# Structured Streaming Lab

In this lab, you will explore the functionality of Spark Streaming and how it's used. 

In [None]:
sc

In [None]:
spark

First, you will load a set of JSON files that comes from the  Heterogeneity Human Activity Recognition Dataset. The data consists of smartphone and smartwatch sensor readings from a variety of devices—specifically, the accelerometer and gyroscope, sampled at the highest possible frequency supported by the devices. Readings from these sensors were recorded while users performed activities like biking, sitting, standing, walking, and so on. 
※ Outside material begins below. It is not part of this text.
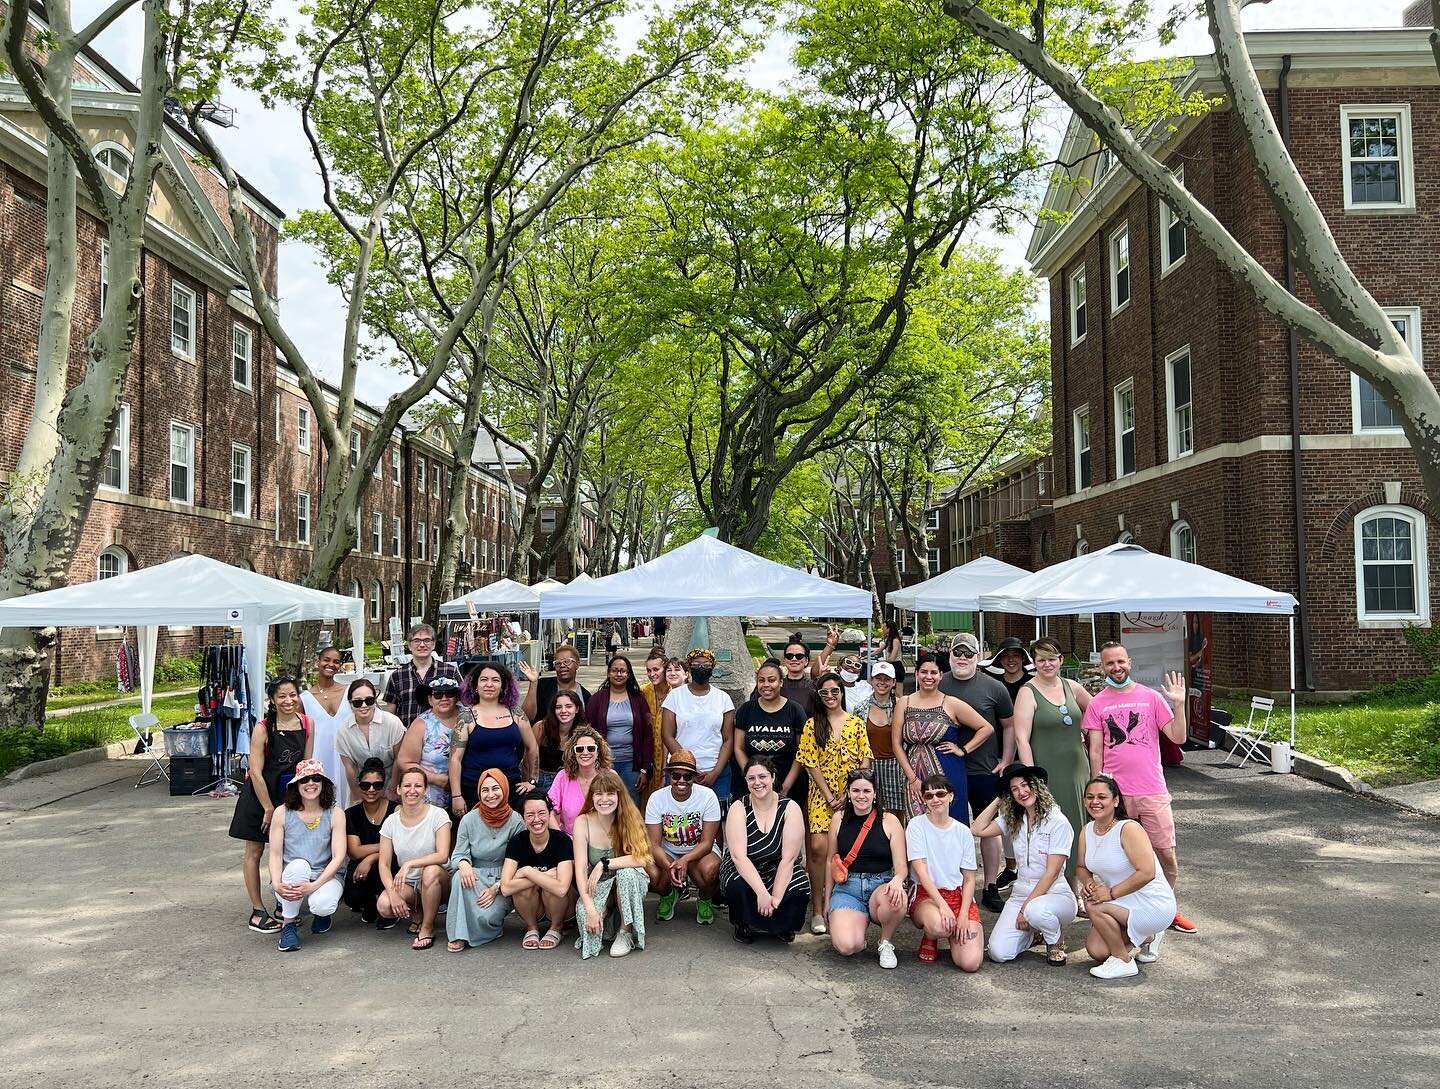 Big thank you to our community for showing up and shopping small this weekend @governorsisland!🌞From our makers to shoppers, we appreciate you all so much 💗 

Next up: Our Summer Pop-up @theinvisibledog on June 11+12. See you there! 💫

The path to the files is `s3://bigdatateaching/spark-streaming-sample-data/`. In the following cell, create a static DataFrame object called `static` that reads the JSON files and uses the JSON read function: 

In [None]:
static = [[fill this partk]]

In [None]:
dataSchema = static.schema

Look at the schema:

In [None]:
dataSchema

Next, create a streaming version of the same Dataset, which will read each input file in the dataset one by one as if it was a stream. Lookup the `spark.readStream.schema` function and use the appropriate parameters. Fill in the missing parts below:

In [None]:
streaming = [[fill this part]]\
    .option("maxFilesPerTrigger", 1)\
    .json([[fill this part]])

In the following cell, you will perform one simple transformation. You will group and count data by the gt column.

In [None]:
activityCounts = [[fill this part]].groupBy("gt").count()

Now that you've setup your transformation, you need to specify the your action to start the query.

In [None]:
activityQuery = activityCounts.writeStream.queryName("activity_counts")\
  .format("memory").outputMode("complete")\
  .start()

You can see how many streams are active at a given point in time:

In [None]:
spark.streams.active

To see streaming in action, the next cell you will run a SQL query on the `activity_counts` that was previously generated. This will run the SQL query 5 times, waiting one second, and you'll see how the data changes as more data is read in.

In [None]:
from time import sleep
for x in range(5):
    spark.sql([[fill in this part]]).show()
    sleep(1)

In [None]:
from pyspark.sql.functions import expr
simpleTransform = streaming.withColumn("stairs", expr("gt like '%stairs%'"))\
  .where("stairs")\
  .where("gt is not null")\
  .select("gt", "model", "arrival_time", "creation_time")\
  .writeStream\
  .queryName("simple_transform")\
  .format("memory")\
  .outputMode("append")\
  .start()


In [None]:
deviceModelStats = streaming.cube("gt", "model").avg()\
  .drop("avg(Arrival_time)")\
  .drop("avg(Creation_Time)")\
  .drop("avg(Index)")\
  .writeStream.queryName("device_counts").format("memory")\
  .outputMode("complete")\
  .start()

In [None]:
historicalAgg = static.groupBy("gt", "model").avg()
deviceModelStats = streaming.drop("Arrival_Time", "Creation_Time", "Index")\
  .cube("gt", "model").avg()\
  .join(historicalAgg, ["gt", "model"])\
  .writeStream.queryName("device_counts_2").format("memory")\
  .outputMode("complete")\
  .start()


In [None]:
spark.sql("select * from device_counts_2").show()